2006年11月27日(月) 証券研究関西学生連盟秋のセミナー

 昨日,一昨日の土日。土曜日は経営学部校友会のセミナー,懇親交流会を主催した。日曜日は証券研究関西学生連盟秋のセミナーの指導講師として朝早くから出かけた。会場は阪急・上新庄駅から歩いて15分の大阪経済大学であった。これが,我が住所京都・花園からはかなり不便。もちろん,今から考えると阪急・西院までタクシーで行けば良かったのだが,公共交通機関を利用するとかなり不便なのである。それに阪急のダイヤも昔と違って不便になっている。

 何となく,毎日通いなれたJR花園駅を起点に考え,二条駅へ行き,そこから歩いて阪急・四条大宮へ行った。今は四条大宮が不便になっている。以前は特急が止まったが,今や急行と言っても普通並の急行が止まるだけだ。この「急行」,高槻市まで各駅停車し,その先から急行になるだけなのだ。だから,「急行」で一端桂駅まで乗って,そこで,特急に取り替え,高槻まで行って,そこで普通電車に乗り換えて,「上新庄」まで行くわけだ。この「上新庄」が急行停車駅である「淡路」の一つ手前ときている。おかげで電車の中でセミナーの準備ができた。

 テーマは「日本におけるM&Aのあるべき姿」。学生諸君はこういう題を付けるのが好きなようだ。本来「あるべき姿」などない。第一,誰にとっての「あるべき姿」なのか明示されていない。だから,混乱する。ただし,セミナー指導講師としては,あまり最初に答えを言ってしまうと,学生諸君が萎縮してしまって,議論を引き出すことが出来ない。そこが難しいところでもある。

 いずれにせよ,「あるべき姿」は,この主催団体からいえば,証券業界にとっての「あるべき姿」ということになる。しかし,それも正確に言えば,証券業界にとって「望ましい姿」「あらまほしき姿」と言った方が素直である。当然,M&Aを仕掛けられる被買収企業の経営者からすれば,M&Aはそもそもしてほしくない,ということになる。だからこそ,「買収防衛策」が講じられる。買収企業の立場に立つと,M&Aがうまくできるよう,制度整備をしてほしい,と言うことになる。証券業界としてもM&Aがビジネスとして活用できるよう制度整備をしてほしいと言うことになろう。そして,その制度整備はすでにかなりなされている。だから,「あるべき姿」など言うまでもなく,現に行われているのが実情だ。そうすると,ここで何を論ずればよいのか,参加学生諸君も惑うはずである。これを交通整理しながら指導したわけだ。ま,講師としては頭の体操にはなった。決して無駄ではなかったと思う。



2006年11月22日(水) 就職支援

 例年,ゼミナールにおいて,年末に学生の就職支援のための補講を行っている。今年も12月23日(土)に企画している。学生諸君の危機意識が希薄なように感じる。景気が良くなってきたせいだろうか。一生を左右するほどの大事なのだが,なかなか実感できないようだ。
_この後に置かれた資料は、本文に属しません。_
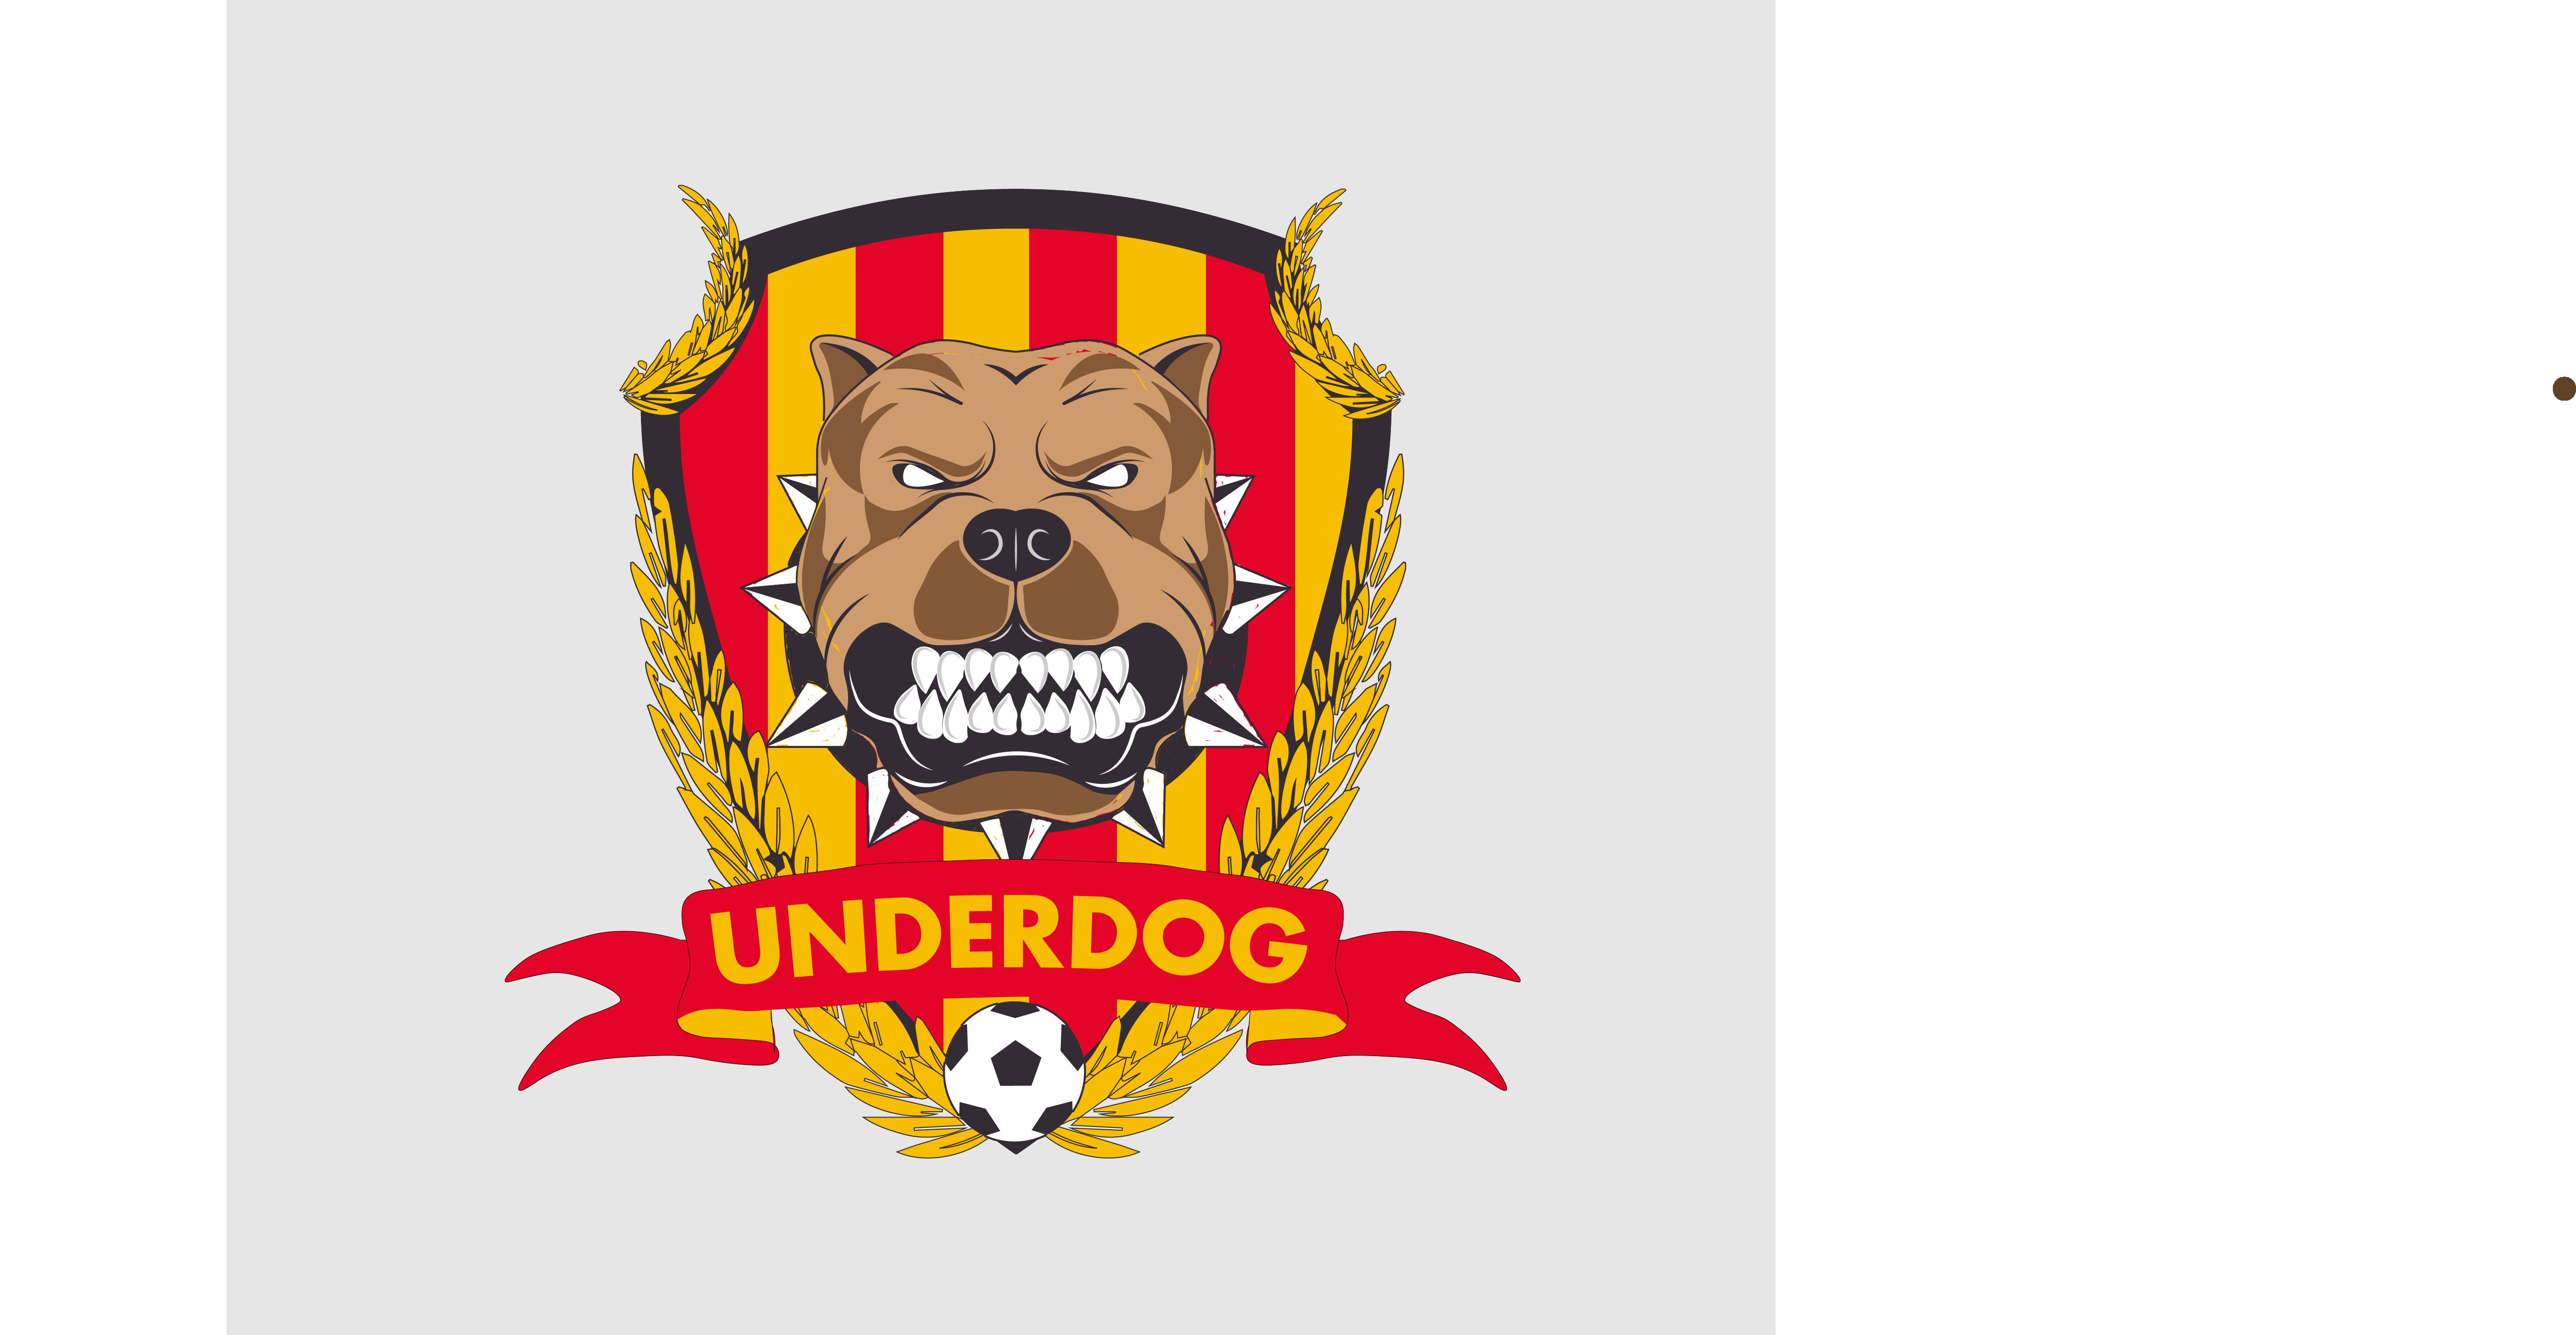 Футбольный клуб UNDERDOG - разработать фирстиль и бренд-бук фото f_5045cb3e32ea998c.png

 今週月曜日にたまたま卒業生のT君が訪ねてきてくれた。ゼミナールにも出席してくれたが,本格的な就職対策は,12月の証券ゼミナール大会参加の後になる。今はゼミナール大会参加へ向けての取り組みが中心となる。しかし,就職対策としても,ゼミナール大会参加が意義あるものとして貰うためにも,来週には少し,そんな話をSCDR4回生諸君に手伝って貰って,してみることにしている。

 学生諸君がここで気づくのと,気づかないのとでは,大きな差になってくる。人生の先輩としてそのことがわかっているだけに,なぜ,今その取り組みをしないのかと,尻をたたくわけだ。就職のために大学があるわけではないけれど,就職活動という機会は,学生諸君にとって,自分の人生を振り返り,今後を展望する良い機会であり,大学での学習の意味も再確認できる機会だと思っている。

 閑話休題

 こんな記事を発見しました,こんなことあるんですね。狂犬病など考えたことなかったのだが,これが死に至る病であるなどと言う認識は全然なかった。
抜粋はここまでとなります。